The patent raises big questions over privacy, as brands seek more and more sensitive data to personalize their products.
29 January 2021
  • Spotify has filed a patent that will enable it to use speech analytics to identify users’ emotions
  • The platform could then make personalized recommendations for content based on their current mood and environment
  • Patent raises big questions over privacy, as brands seek more sensitive personal data to personalize their products

Music streaming subscription platform Spotify has patented technology that will personalize content recommendations based on the “emotional state, gender, age, or accent” of the user.

With over 286 million active users, Spotify already provides personalized recommendations based on listeners’ habits and preferences. But the patent, which was filed in 2018 and granted this month, will enable the firm to use speech recognition technology to “make observations” about the user’s environment and emotions, and serve relevant suggestions.

In the patent application, Spotify said, “It is common for a media streaming application to include features that provide personalized media recommendations to a user.

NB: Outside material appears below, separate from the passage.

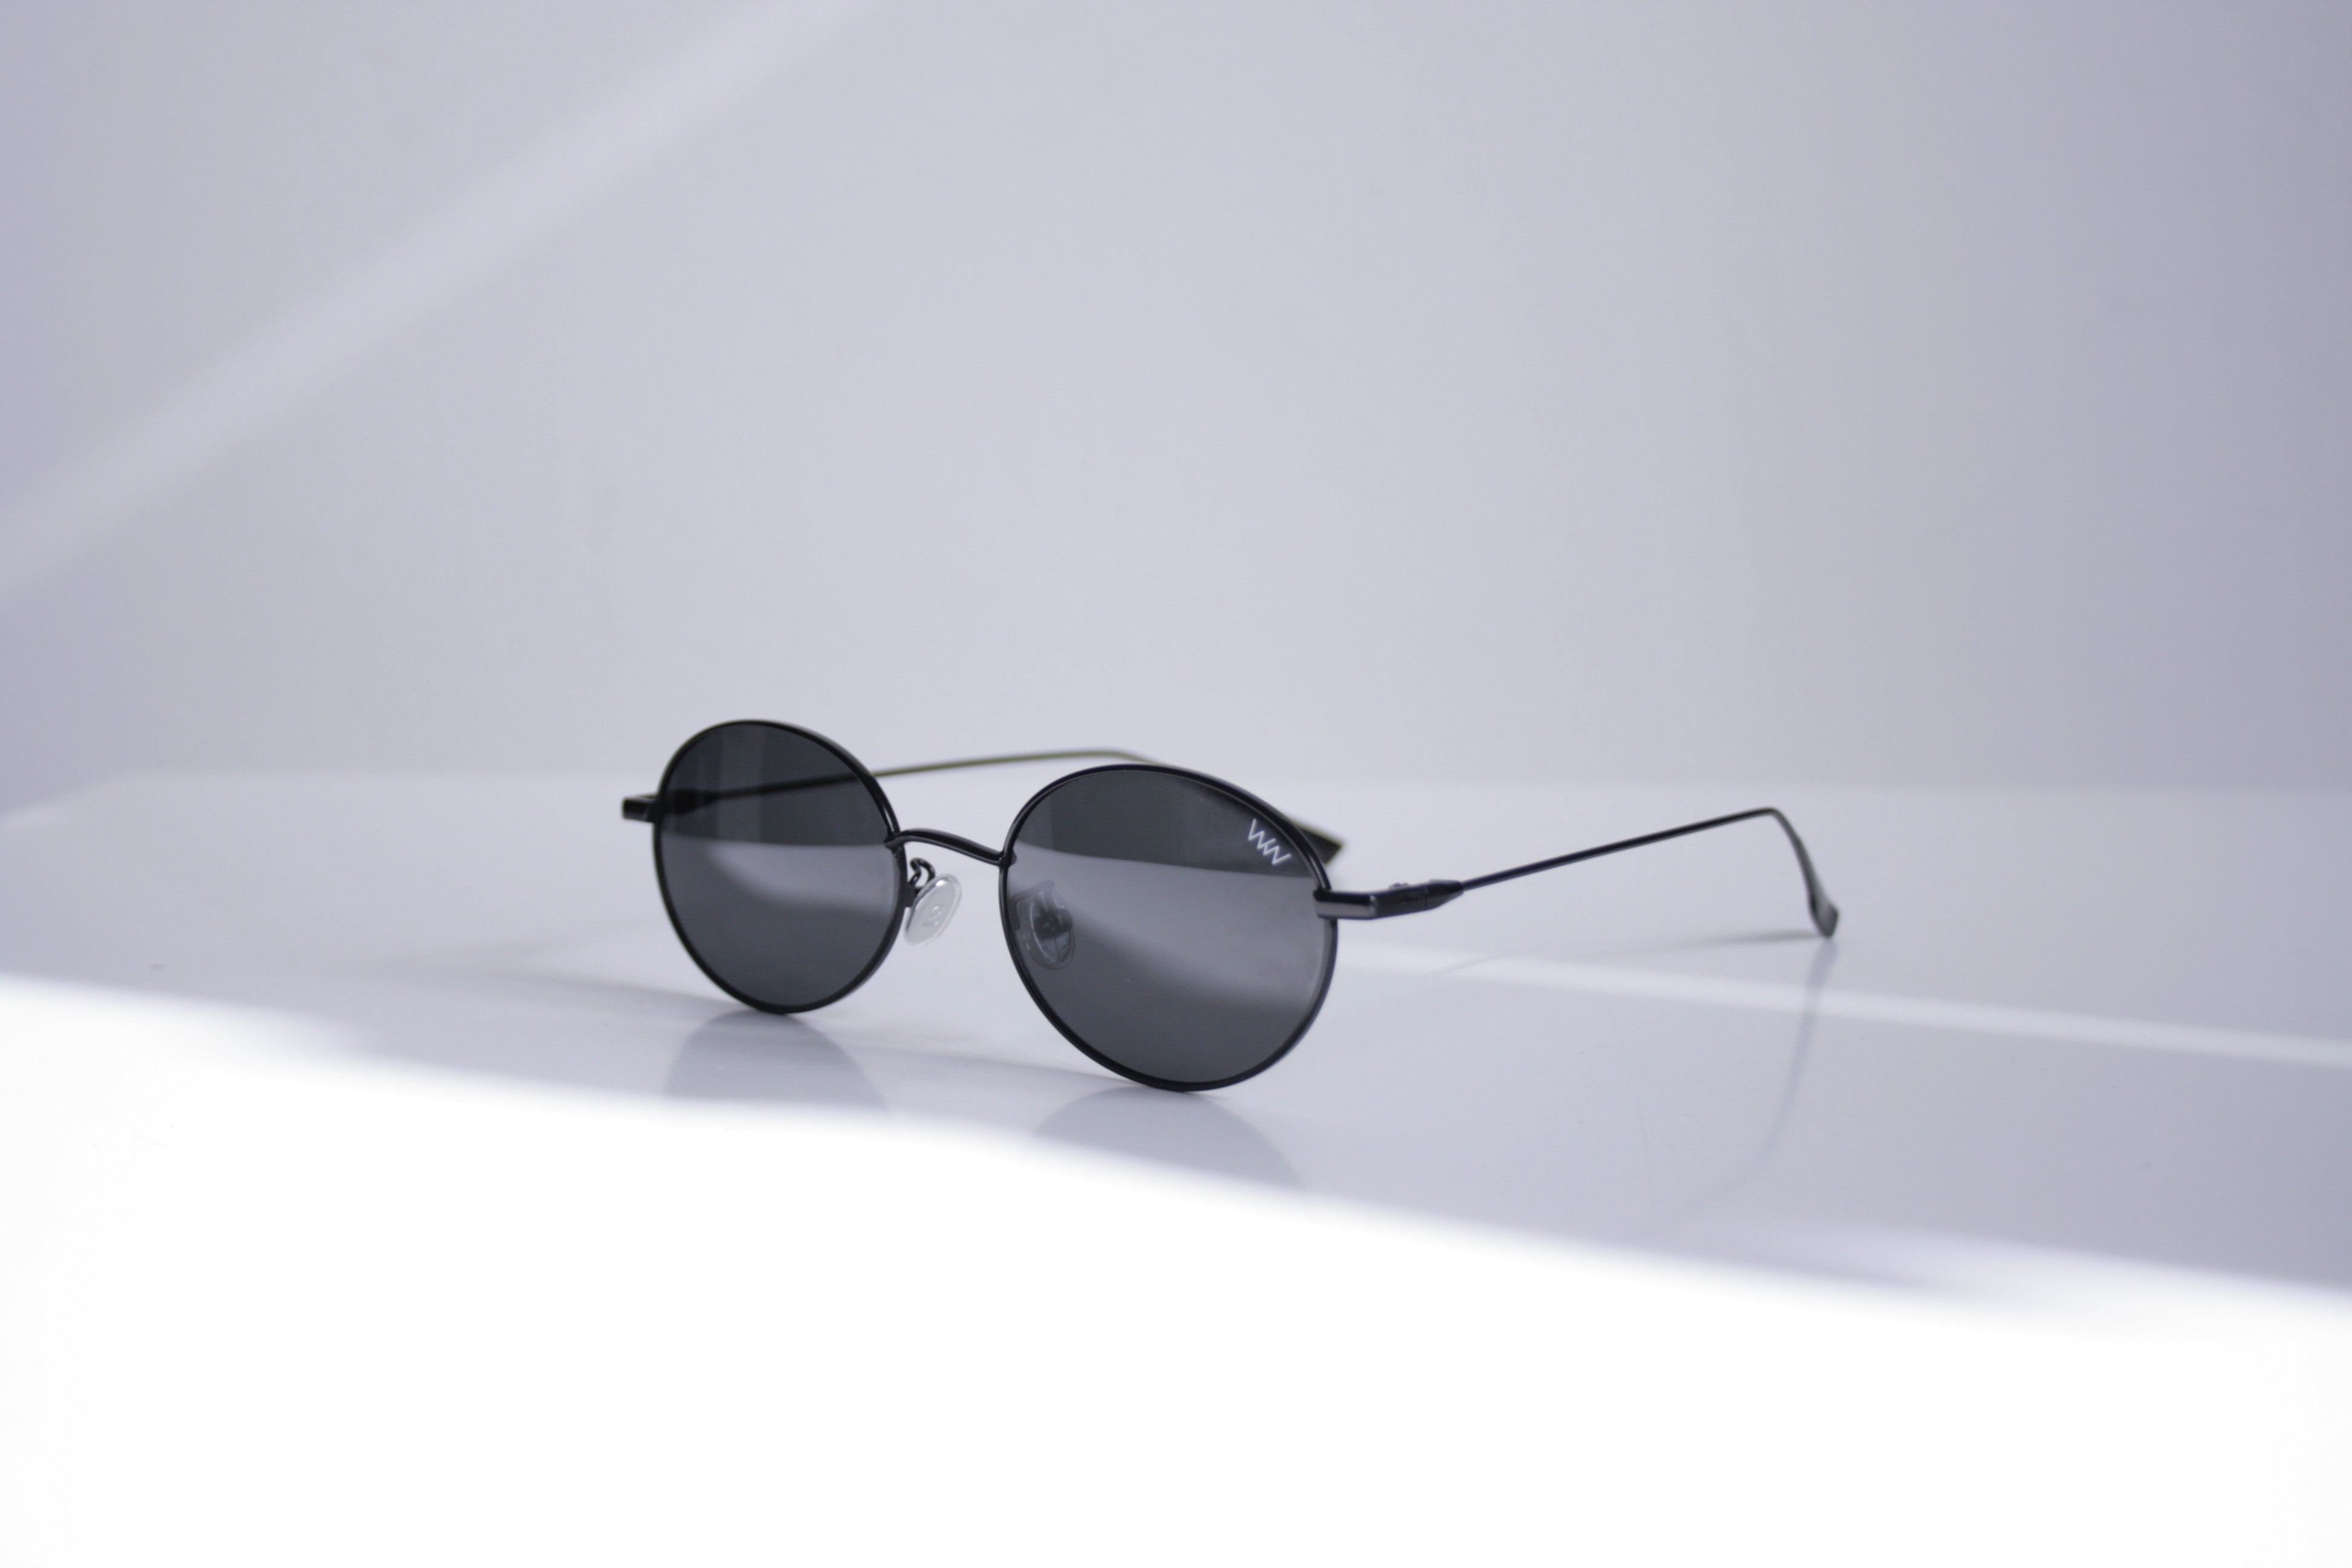 Wear Walters Urban - Metal frame sunglasses – Wear Walters Eyewear

However, it describes the need for a system that requires less “human input” to establish the tastes of listeners who are often required to “tediously input answers to multiple queries.”

“What is needed is an entirely different approach to collecting taste attributes of a user.” the patent continues.

Using speech and environmental noise recognition, the new system would be able to gather information based on interpretations of the user’s emotions – whether they are “happy, angry, sad or neutral” – as well as gender, age, accent, physical environment, and the number of people within it, among “numerous other classifications”.

If the platform detected intonations of stress and that the user was alone during working hours, for example, it might recommend a chillout playlist or a podcast on meditation techniques. If it detected that the listener was with friends, it might suggest more of a party playlist.

Results of those observations would be combined with existing recommendation techniques based on previously-played songs, favorites, and friends’ taste in music.

The patent filing by Spotify indicates the way brands are looking to user in personalization 2.0, where services are reacting in real-time not just to the sequence and timing of buttons we press on devices, but on data collected from our immediate environments and biometrics.

The streaming platform has also been granted a patent that would allow it to use the insights it develops into user personality to target promoted content, such as music, podcasts, and advertising.

Of course, as more brands look to enhance their platforms with this level of personalization, there is an ever-greater risk to the privacy, security, and exploitation of consumers’ most sensitive data.

Indeed, Spotify itself has said there is more work to in considering the ethical implications.

“We recognize that one’s digital history is extraordinarily personal and sensitive,” it has written previously. “As such it must be treated with proper consideration of the conceivable misuses… from its access.

“We disavow any future research or applications that violate ethical standards of data usage and are not transparent about privacy to its users.”